### Raw data
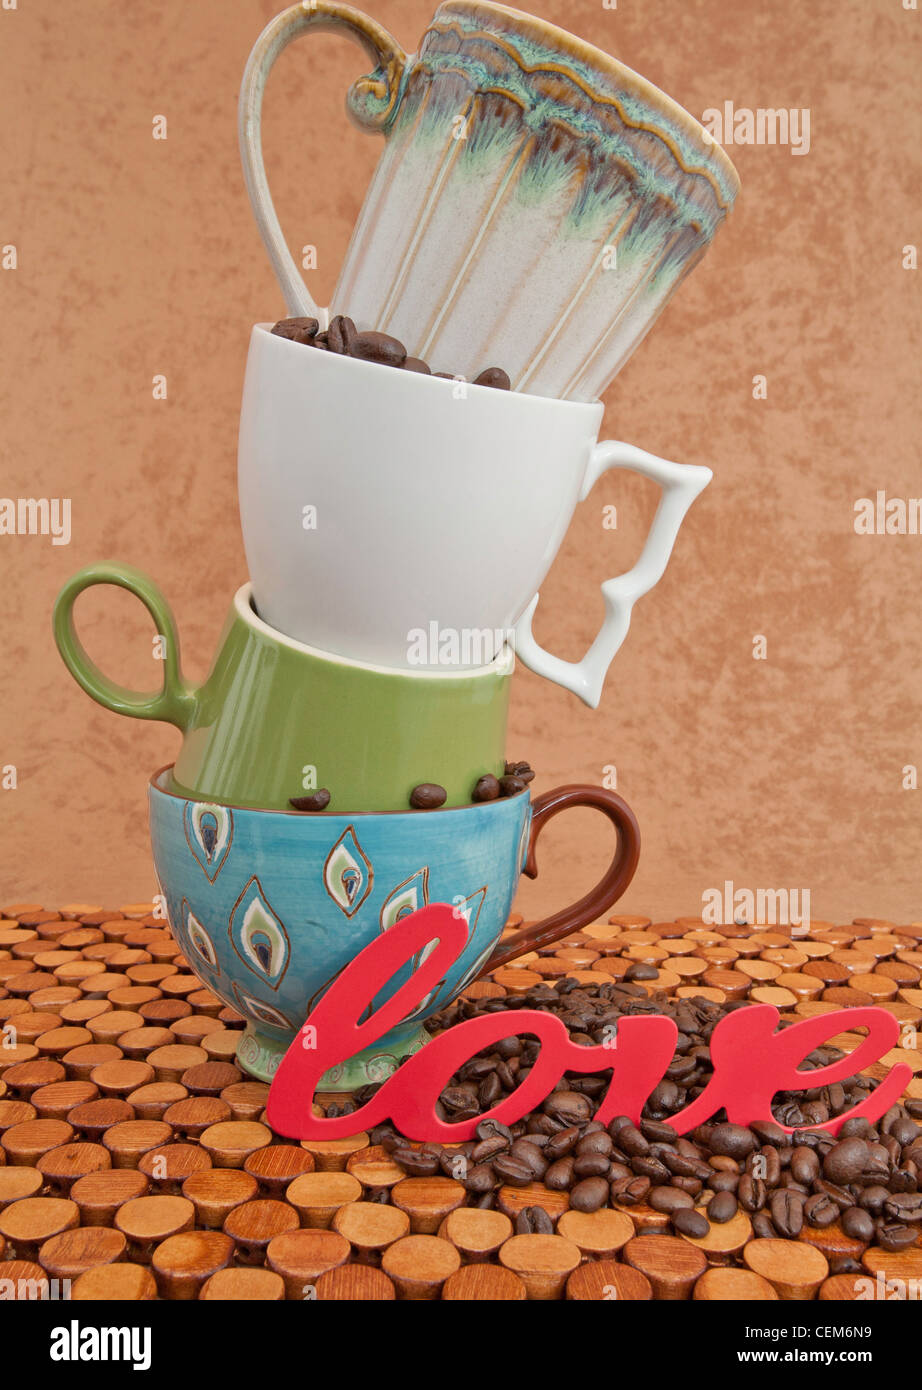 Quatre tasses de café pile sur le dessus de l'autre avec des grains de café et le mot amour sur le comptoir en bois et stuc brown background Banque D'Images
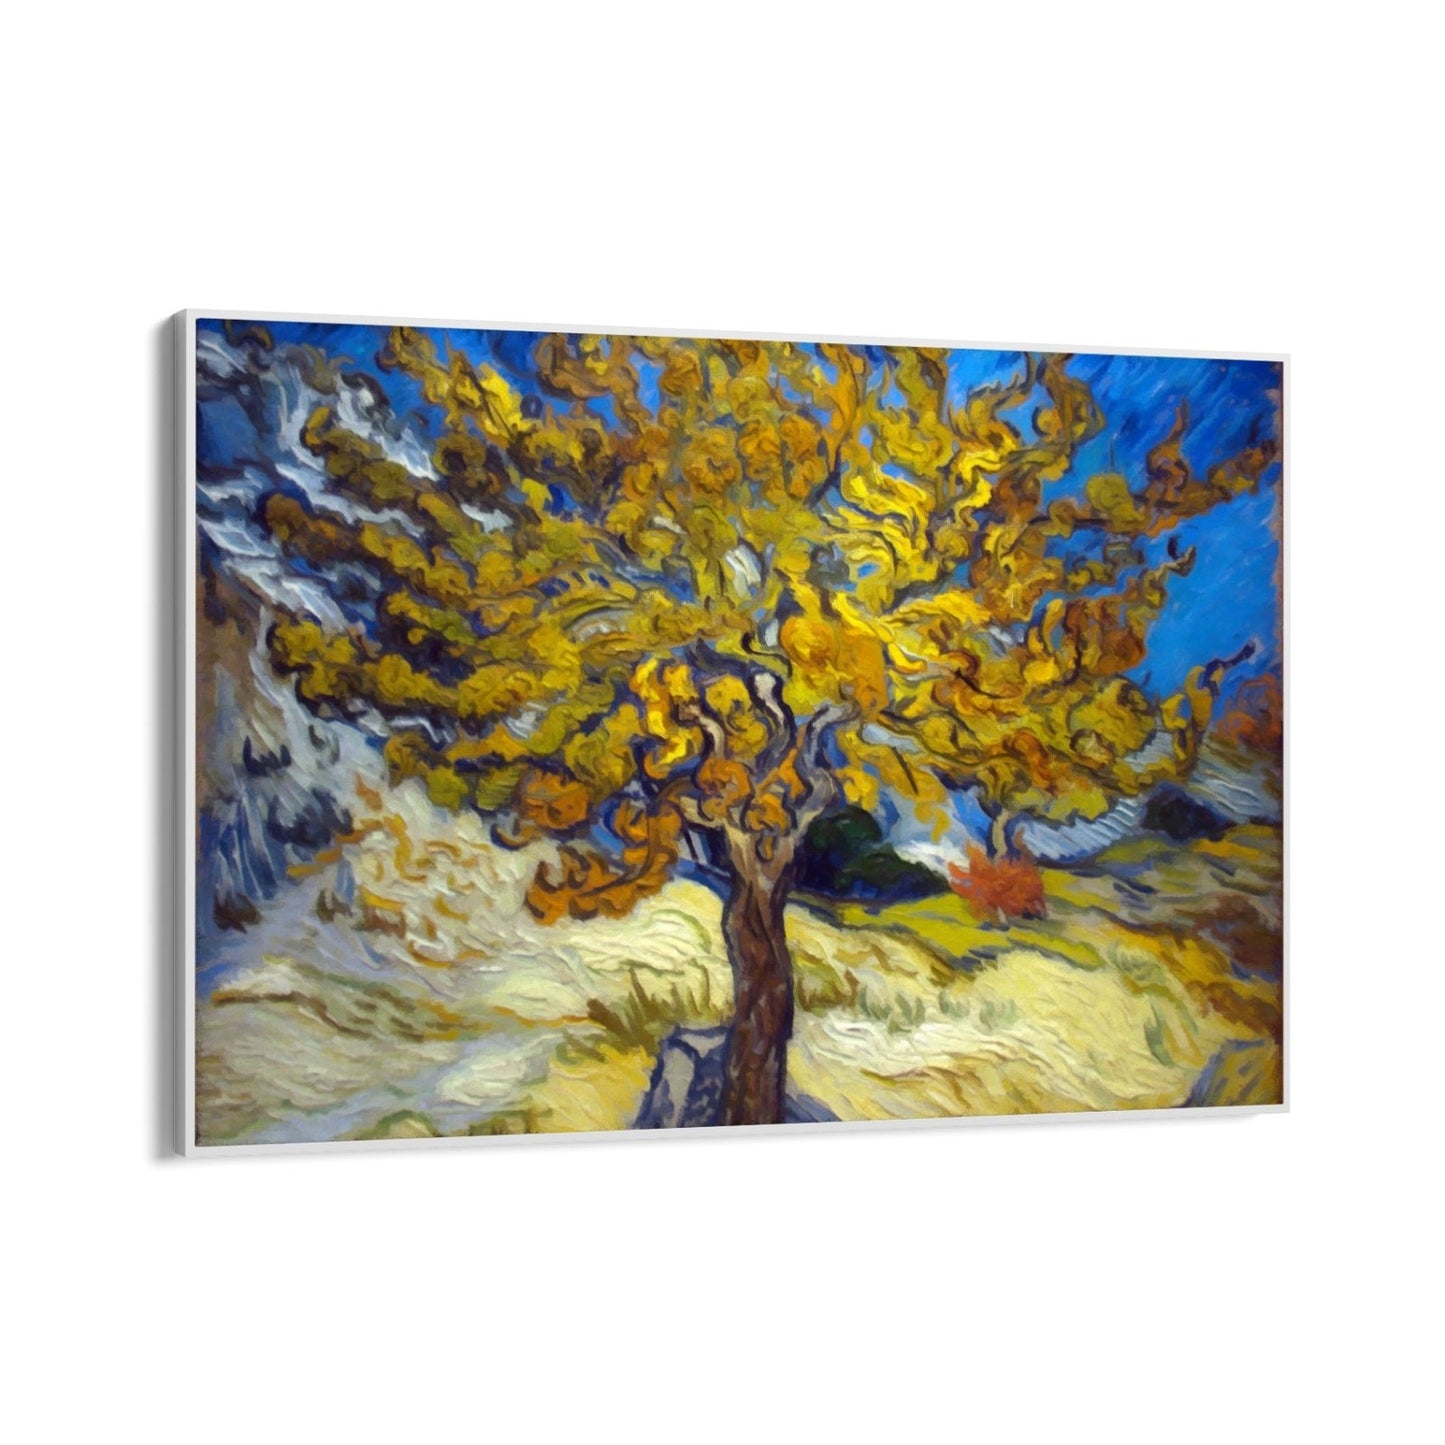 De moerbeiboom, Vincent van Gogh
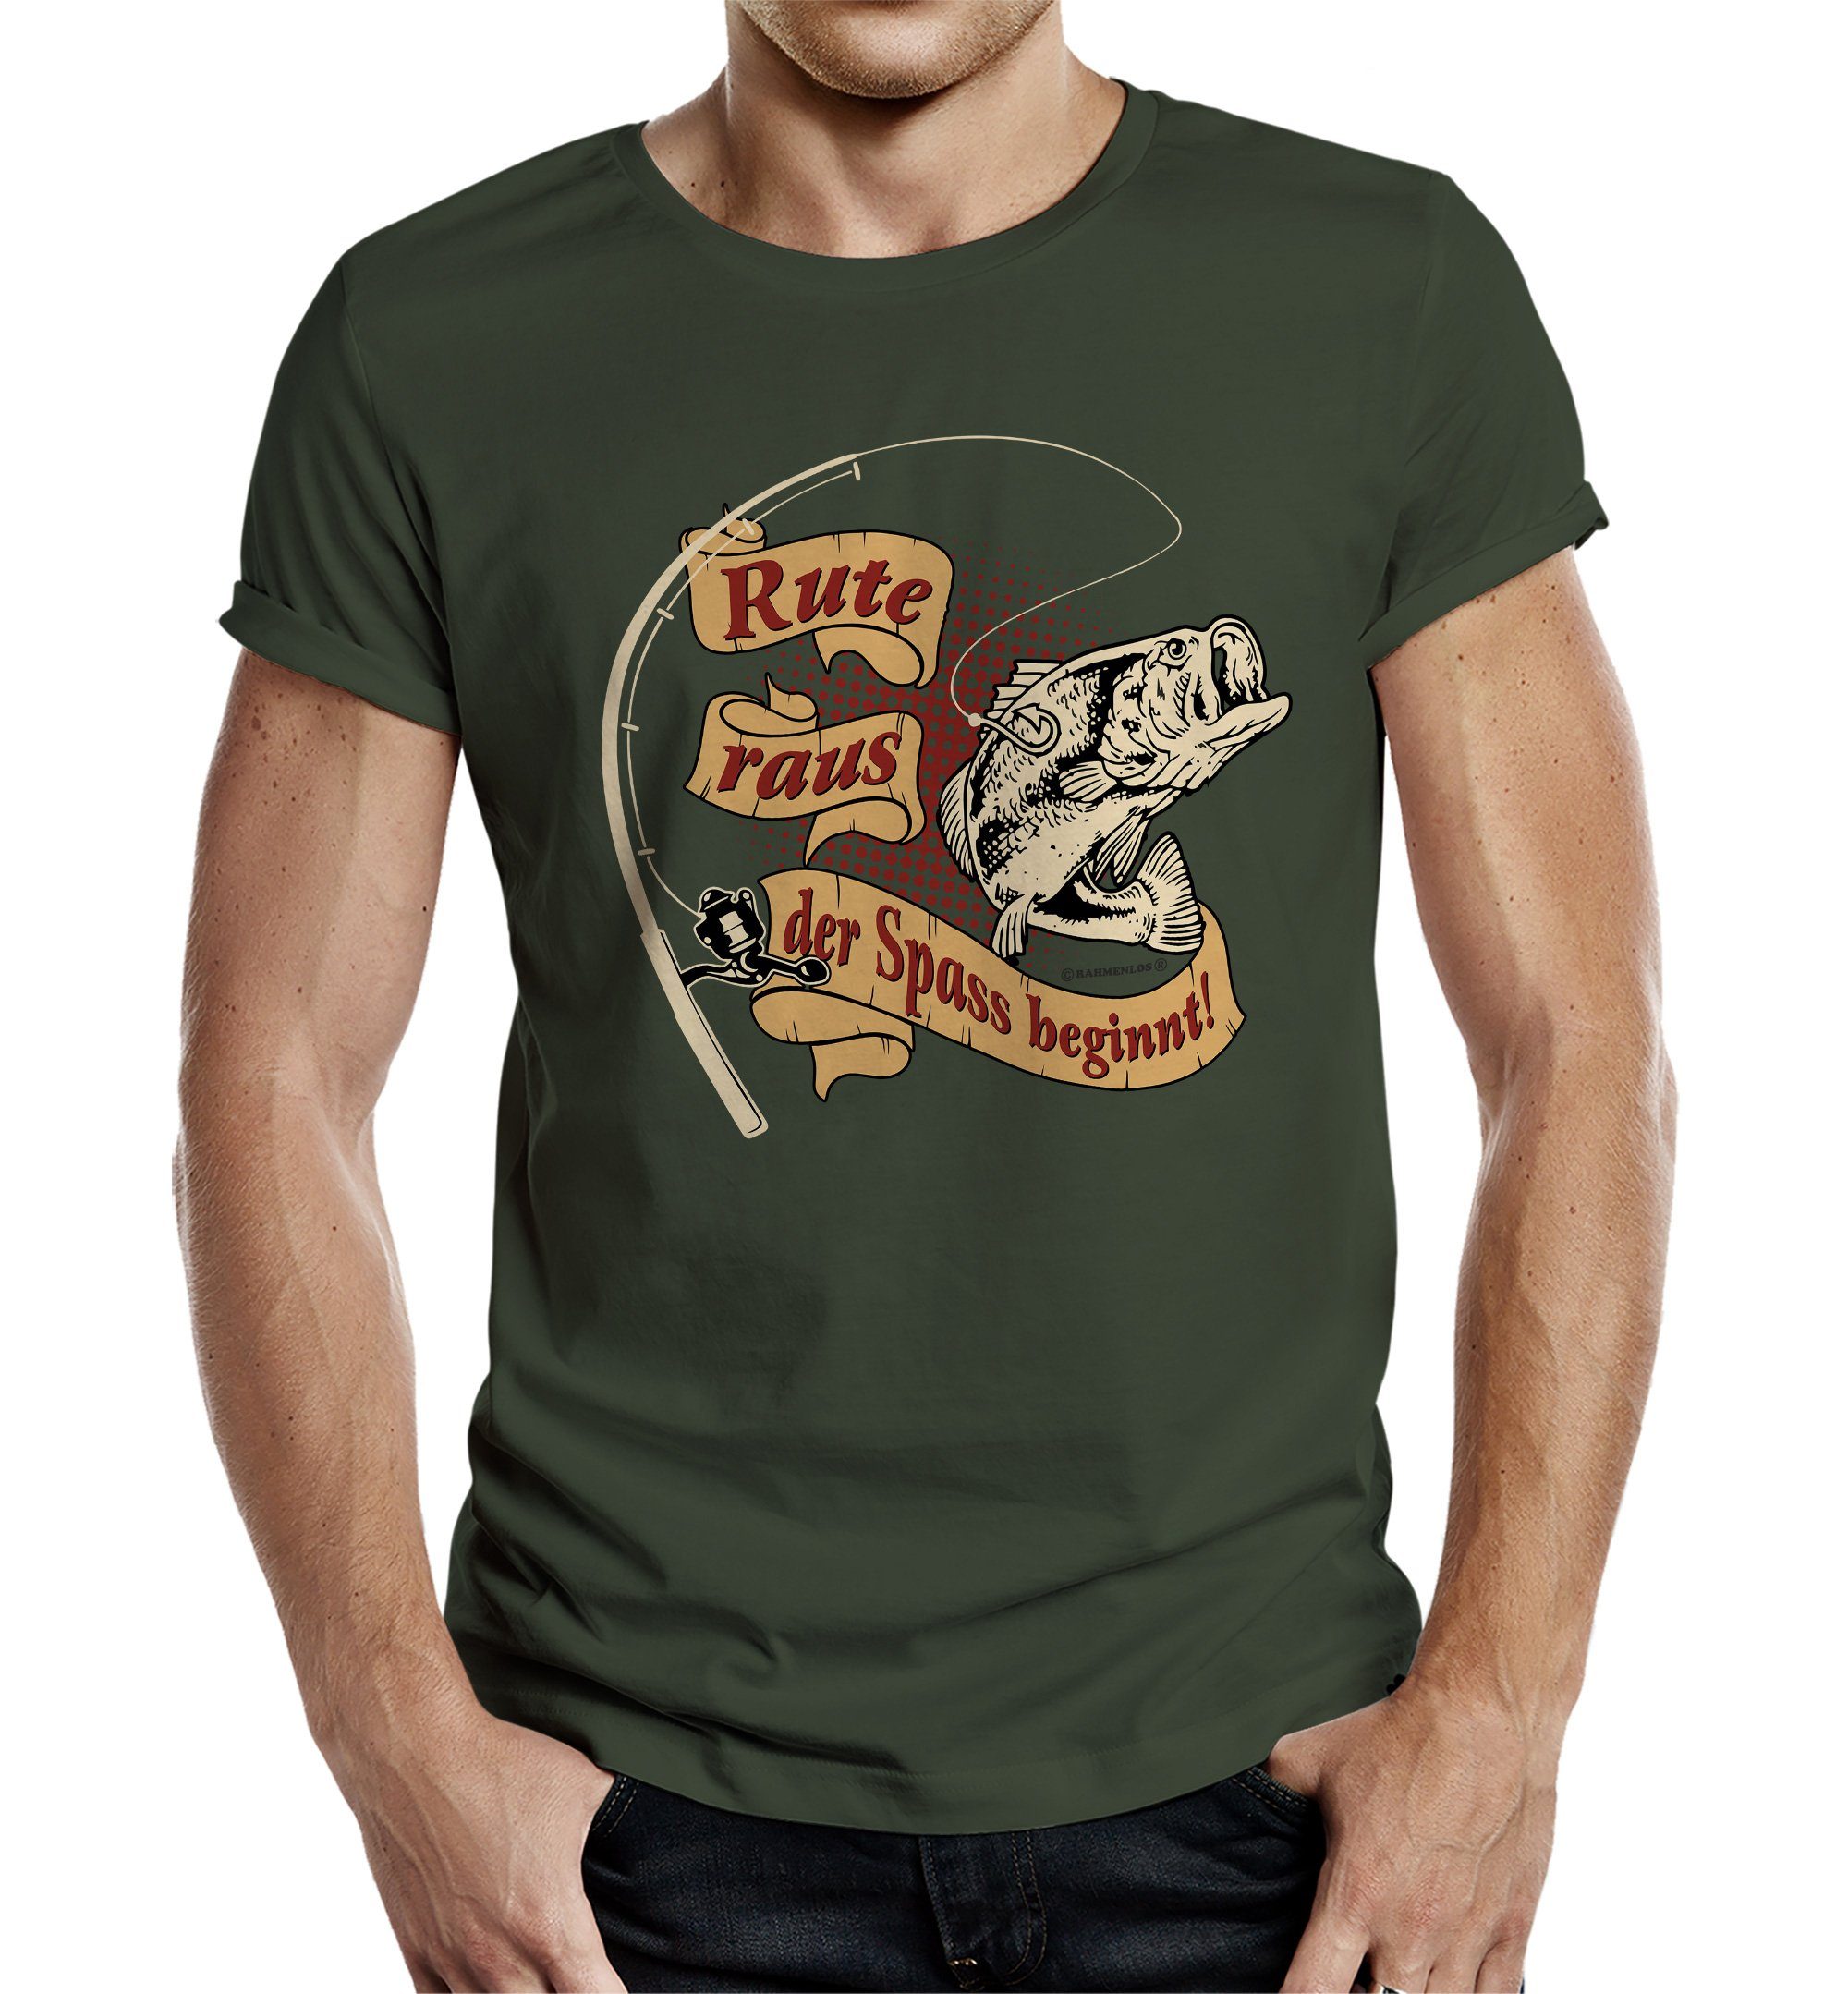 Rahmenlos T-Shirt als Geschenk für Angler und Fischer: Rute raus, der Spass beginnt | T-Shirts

### To do
The reply should consist only of the lines running from the one with "De moerbeiboom, Vincent van Gogh" through the end of the material, both included, copied exactly; please omit pictures.

### Output
 De moerbeiboom, Vincent van Gogh
 Rahmenlos T-Shirt als Geschenk für Angler und Fischer: Rute raus, der Spass beginnt | T-Shirts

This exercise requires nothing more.